### The input
* * *

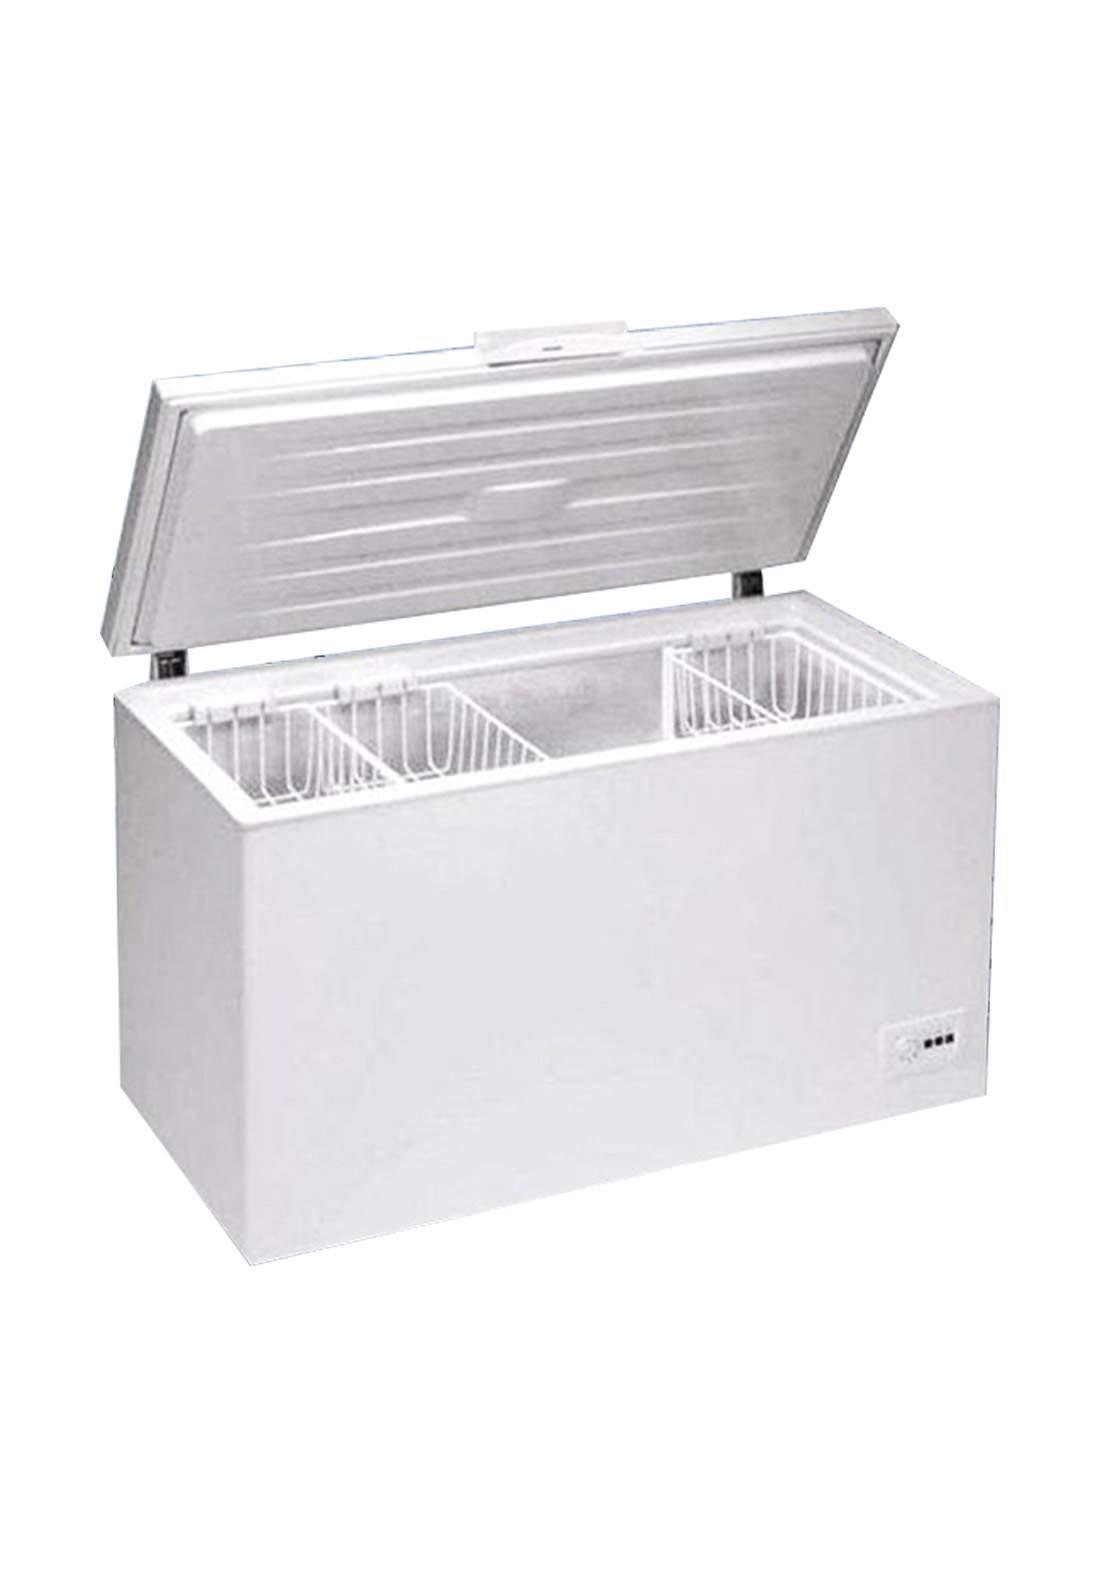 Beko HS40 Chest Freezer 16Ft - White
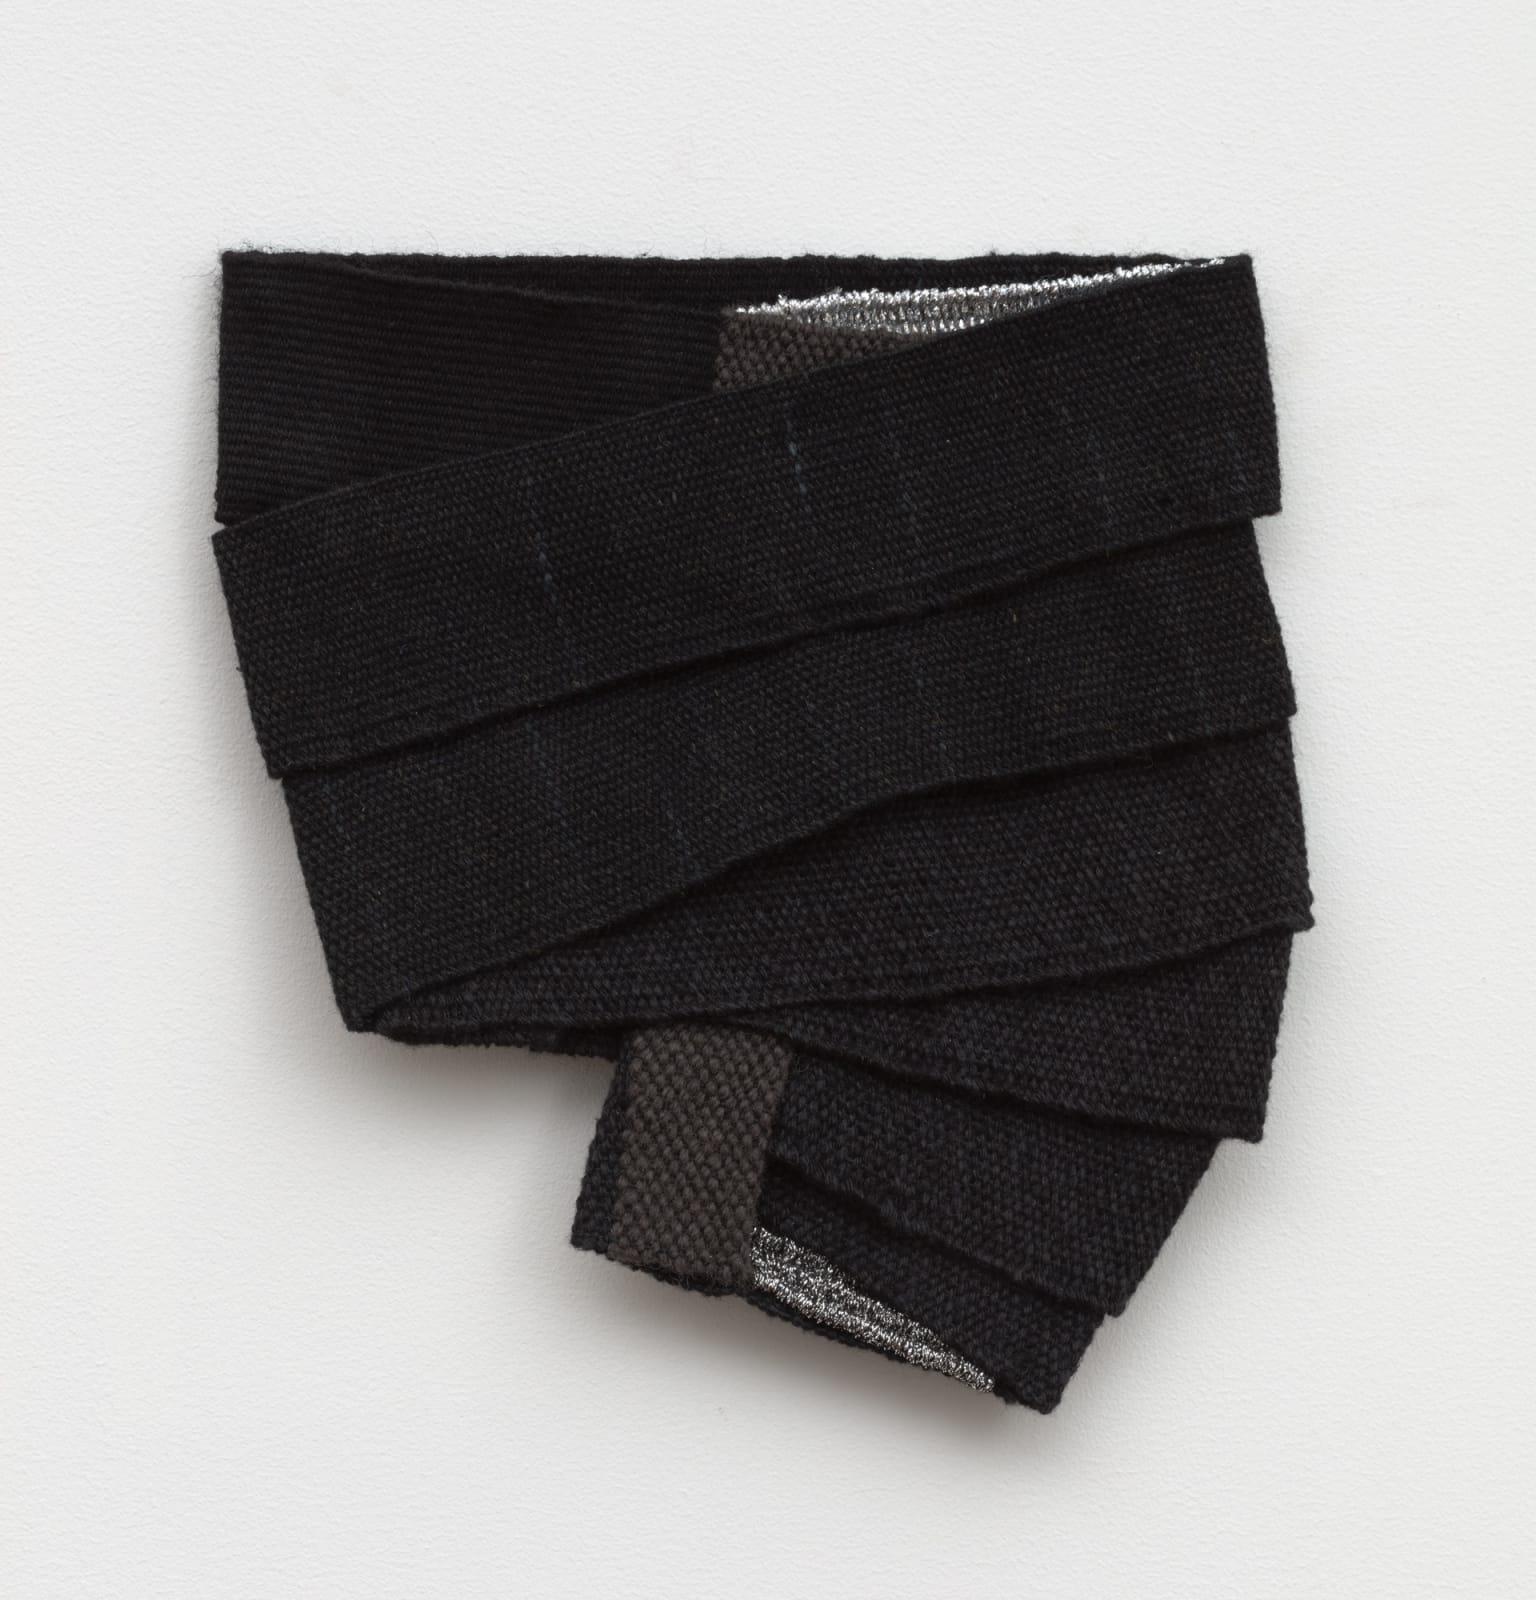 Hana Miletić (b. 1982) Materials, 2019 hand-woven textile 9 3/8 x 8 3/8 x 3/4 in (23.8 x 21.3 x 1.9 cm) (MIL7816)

* * *

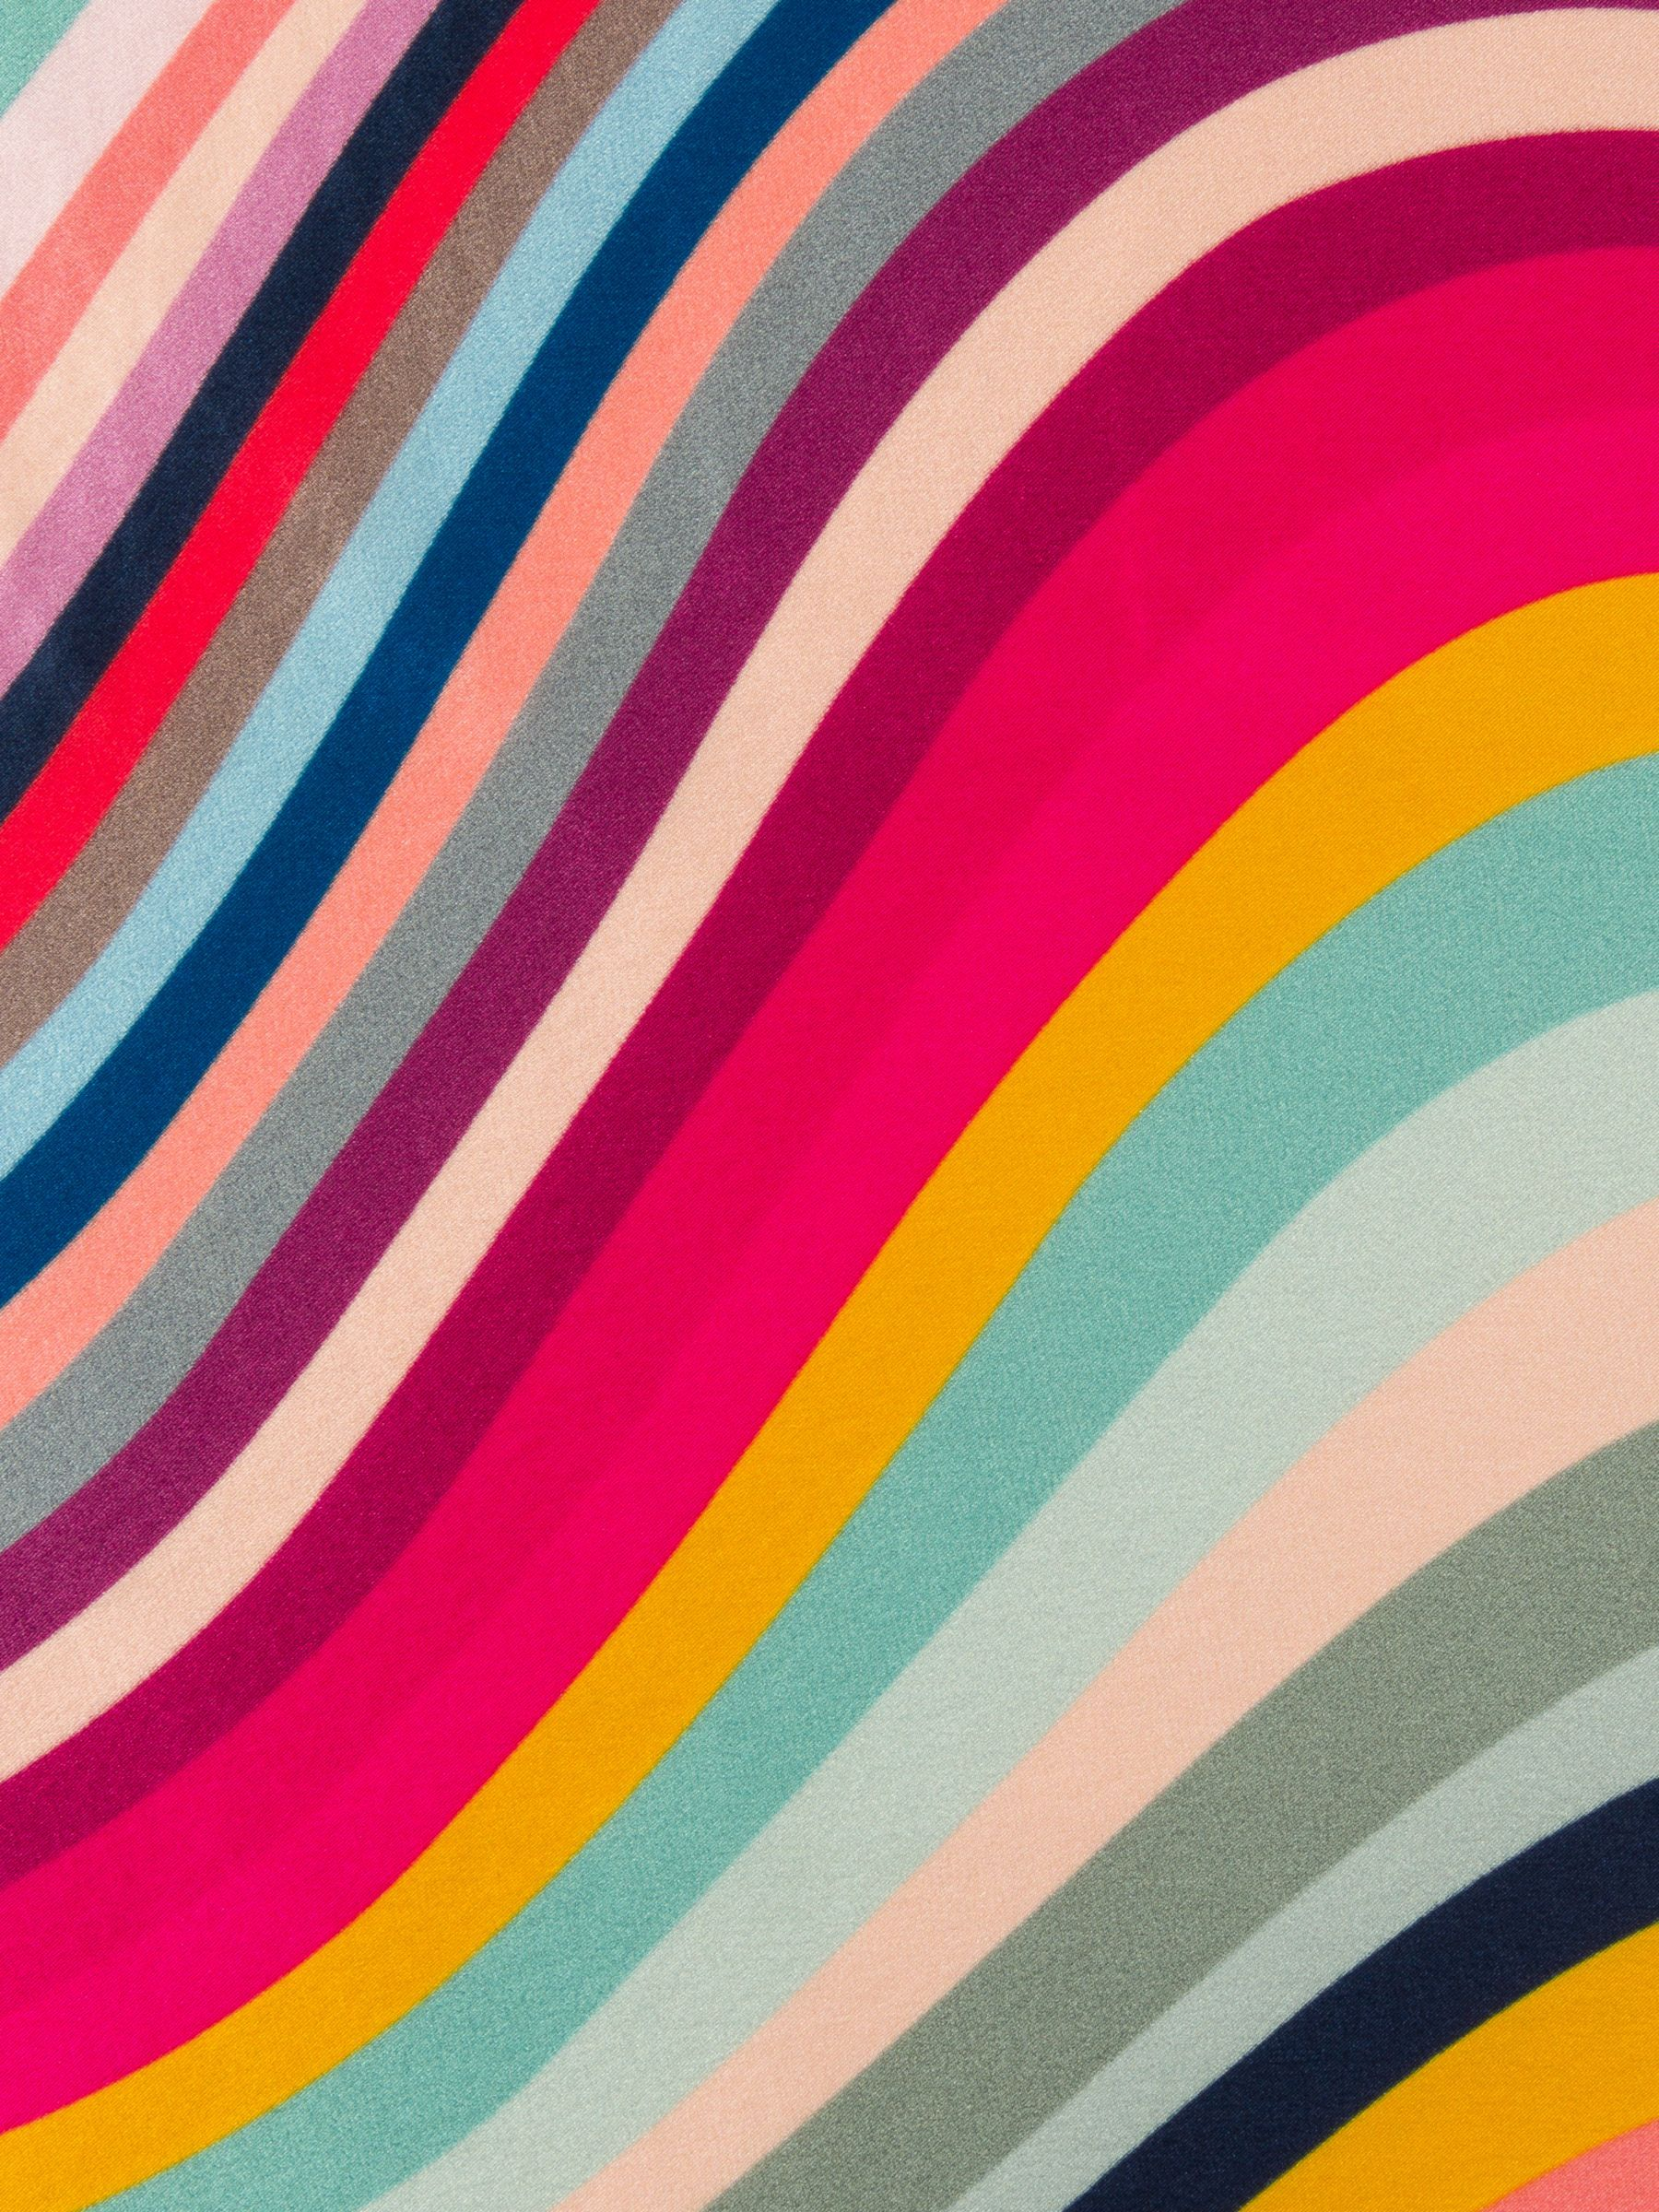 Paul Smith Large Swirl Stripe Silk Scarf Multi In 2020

* * *

Copy only what runs above from the line containing "Beko HS40 Chest Freezer 16Ft - White" through the line containing "Hana Miletić (b.", exactly. Leave out the pictures.

 Beko HS40 Chest Freezer 16Ft - White
 Hana Miletić (b. 1982) Materials, 2019 hand-woven textile 9 3/8 x 8 3/8 x 3/4 in (23.8 x 21.3 x 1.9 cm) (MIL7816)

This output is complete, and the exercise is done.